Laut Angaben der griechischen Nachrichtenagentur ANA gehören zu den zehn ersten Unternehmen, die neu zur Privatisierung vorgesehen werden, der ehemalige internationale Flughafen »Hellenikon « in Athen, die Gas-Vertriebsunternehmen DEPA und DESFA, das für die Olympiade 2004 geschaffenen Olympischen Pressezentrums sowie 48 weitere Immobilien, die sich derzeit noch in öffentlicher Hand befinden, ferner die sehr profitabel arbeitende staatliche Lotteriegesellschaft OPAP und der staatliche Anteil an dem Sportwettenanbieter OPAK. Die Landwirtschaftsbank ATE wurde bereits in zwei Teile zerlegt und der gesunde Teil für 95 Millionen Euro an die Bank von Piräus verkauft. Vorgesehen ist ferner die Privatisierung von Eisenbahnen, der Elektrizitätsgesellschaft DIE und der Sparkassen.

Am 9. August wurde aus Regierungsquellen bekannt, daß neben dem Privatisierungsprogramm auch das Programm zur Entlassung von Staatsbediensteten wieder aufgenommen werden soll, das vor den Wahlen im Mai und Juni aus wohlüberlegten Gründen zeitweise eingestellt worden war. Demnach sollen in diesem und dem nächsten Jahr mindestens 40.000 staatliche Angestellte in die »Arbeitsreserve« versetzt werden, in der sie ein Jahr lang 40 Prozent ihres bisherigen Gehalts bekommen, bevor sie dann endgültig entlassen werden.
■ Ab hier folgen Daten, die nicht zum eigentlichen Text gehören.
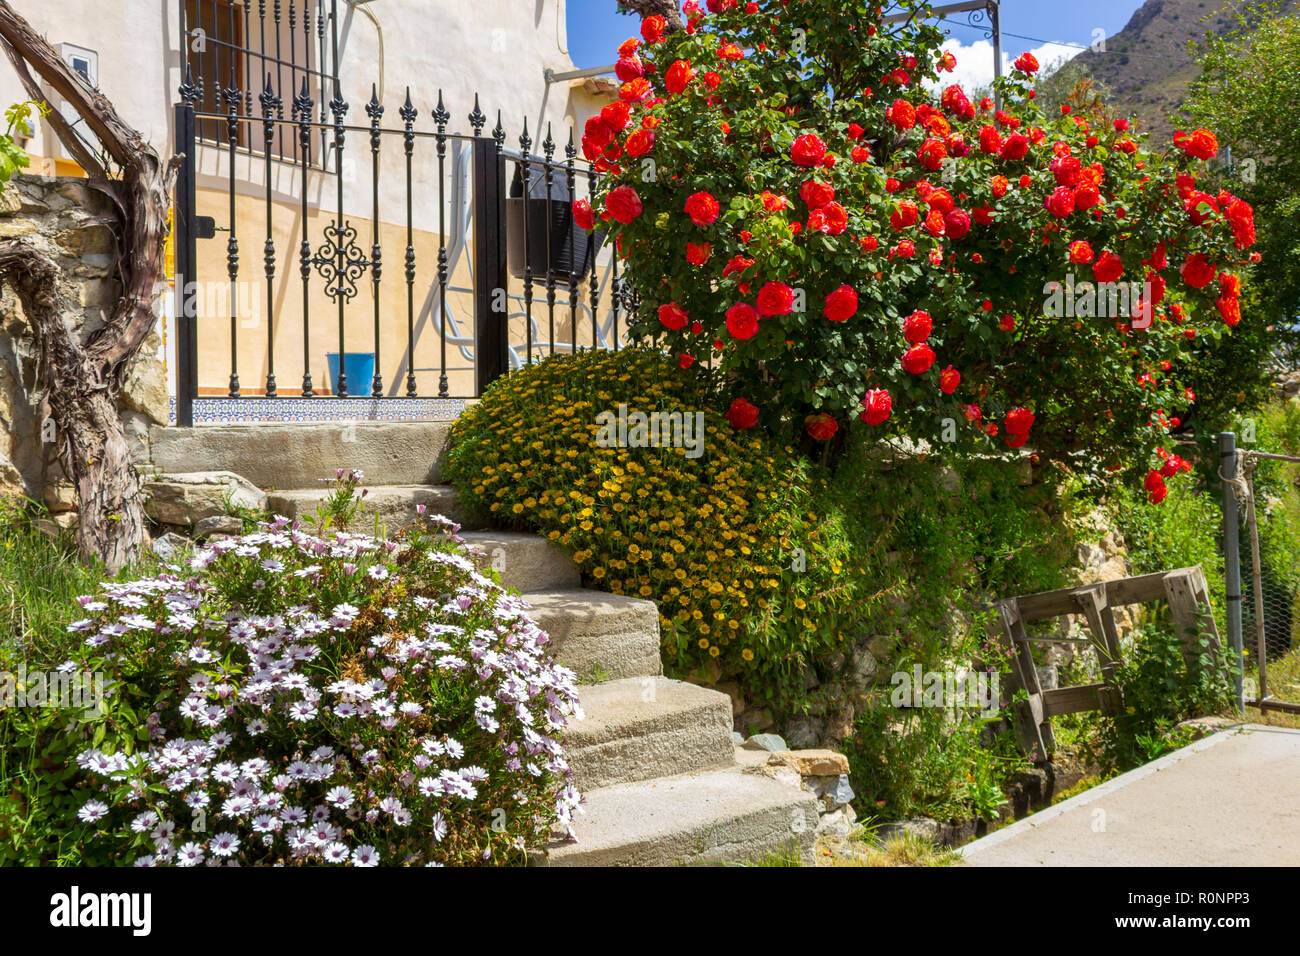 Spanish House with Steps up to a wrought iron gate and Rose bush, Daisy's and other flowers. Stock Photo

Es fällt auf, daß in allen Berichten über die Ergebnisse des Troika-Kontrollbesuchs in Athen nichts mehr zu hören ist von einer »Neuverhandlung« der Sparauflagen für Griechenland, obwohl alle drei derzeit an der Regierung beteiligten Parteien im Wahlkampf erklärt hatten, daß sie sich, wenn se gewählt werden, bei der EU um eine »Erleichterung« bzw. »Streckung« der Sparauflagen bemühen werden.